I am also skeptical that we will achieve human parity by 2029 as some "singularity" enthusiasts have been saying for over a decade. 
"There is not the slightest reason to believe in a coming singularity. Sheer processing power [and big data] is not pixie dust that magically solves all your problems." 
Steven Pinker 
Elsewhere, Pinker also says:
"… I’m skeptical, though, about science-fiction scenarios played out in the virtual reality of our imaginations. The imagined futures of the past have all been confounded by boring details: exponential costs, unforeseen technical complications, and insuperable moral and political roadblocks. It remains to be seen how far artificial intelligence and robotics will penetrate into the workforce. (Driving a car is technologically far easier than unloading a dishwasher, running an errand, or changing a baby.) Given the tradeoffs and impediments in every other area of technological development, the best guess is: much farther than it has so far, but not nearly so far as to render humans obsolete."

Recently some in the Singularity community have admitted that "language is hard" as you can see in this attempt to explain why AI has not mastered translation yet.

Michael Housman, a faculty member of Singularity University, explained that the ideal scenario for machine learning and artificial intelligence is something with fixed rules and a clear-cut measure of success or failure. He named chess as an obvious example and noted machines were able to beat the best human Go player. This happened faster than anyone anticipated because of the game’s very clear rules and limited set of moves.

Housman elaborated, “Language is almost the opposite of that. There aren’t as clearly-cut and defined rules. The conversation can go in an infinite number of different directions. And then of course, you need labeled data. You need to tell the machine to do it right or wrong.”

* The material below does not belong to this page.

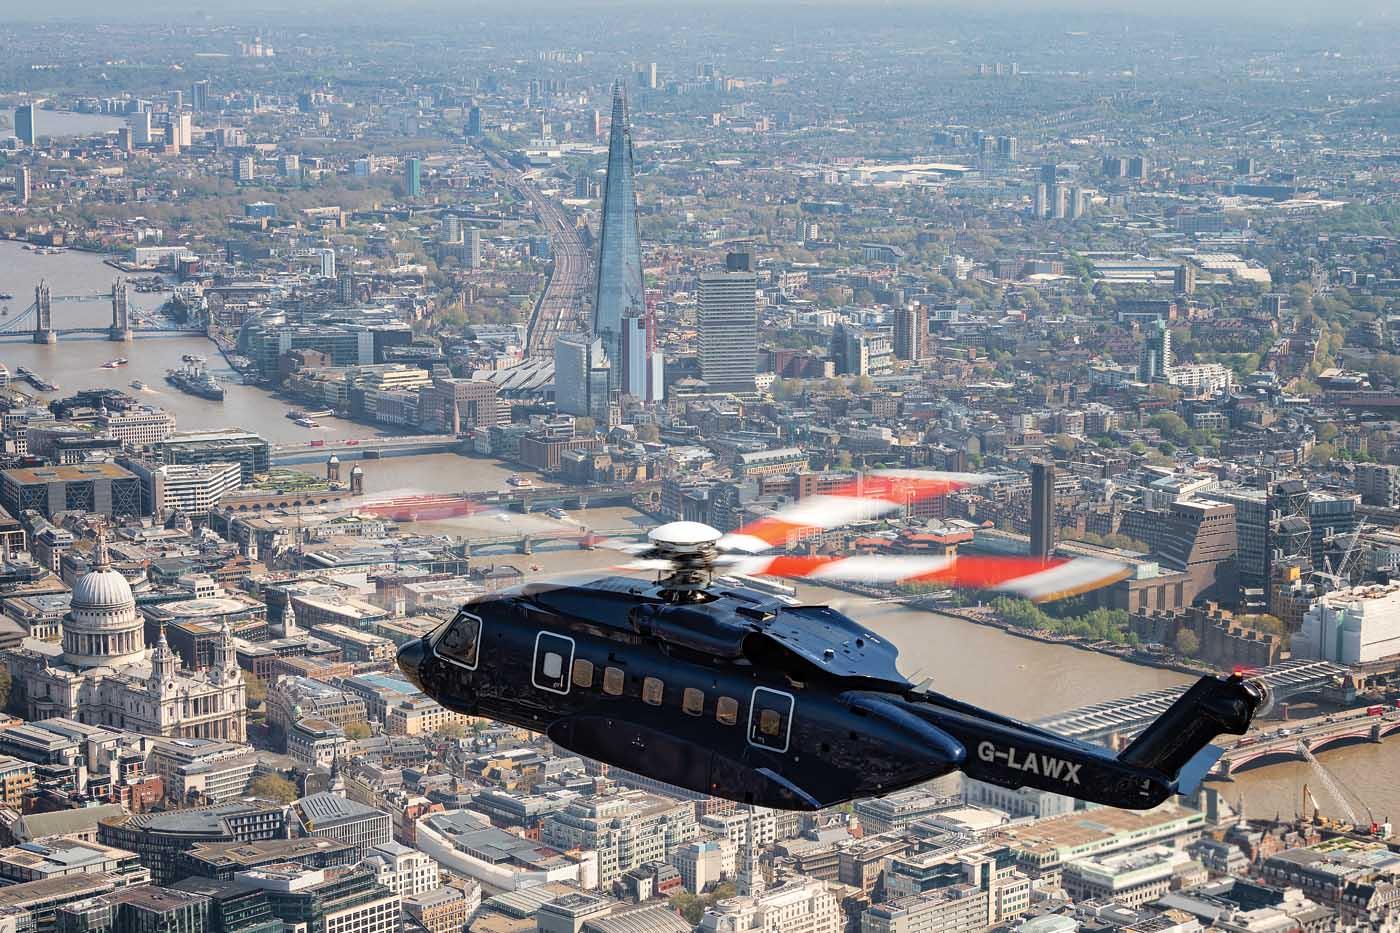 Starspeed's unique VIP Sikorsky S-92 flying through the heli lanes in London, U.K. Lloyd Horgan Photo

Housman noted that it’s inherently difficult to assign these informative labels. “Two translators won’t even agree on whether it was translated properly or not,” he said. “Language is kind of the wild west, in terms of data.”

Perhaps, we need to admit that human parity MT at scale is not a meaningful or achievable goal. If it is not possible to have a super-competent human translator capable of translating anything and everything with equal ease, why do we presume a machine could?

Perhaps what we really need is an MT platform that can rapidly evolve in quality with specialized human feedback. Post-editing (MTPE) today is generally NOT a positive experience for most translators. But human interaction with the machine can be a significantly better and positive experience.  Developing interactive and highly responsive MT systems that can assist, learn, and improve the humdrum elements of translation tasks instantaneously might be a better research focus. This may be a more worthwhile goal than having a God-like machine that can translate anything and everything at human parity. 

Even in the AI-will-solve-all community, we know that "language is hard" so maybe we need more focus on improving the man-machine interface, and the quality of the interaction and find more sophisticated collaborative models. Rapid evolution, intuitive and collaborative interaction, and instant learning seem like a more promising vision to me than crawling all the data on the web and throwing machine learning pixie dust at your ten trillion word TM training data. 

Getting to a point where the large majority of translators ALWAYS WANT TO USE MT because it simply makes the work easier, more pleasant, and more efficient is perhaps a better focus for the future.  I would bet also that this different vision will be a more likely path to better MT systems that consistently produce better output over millions of sentences.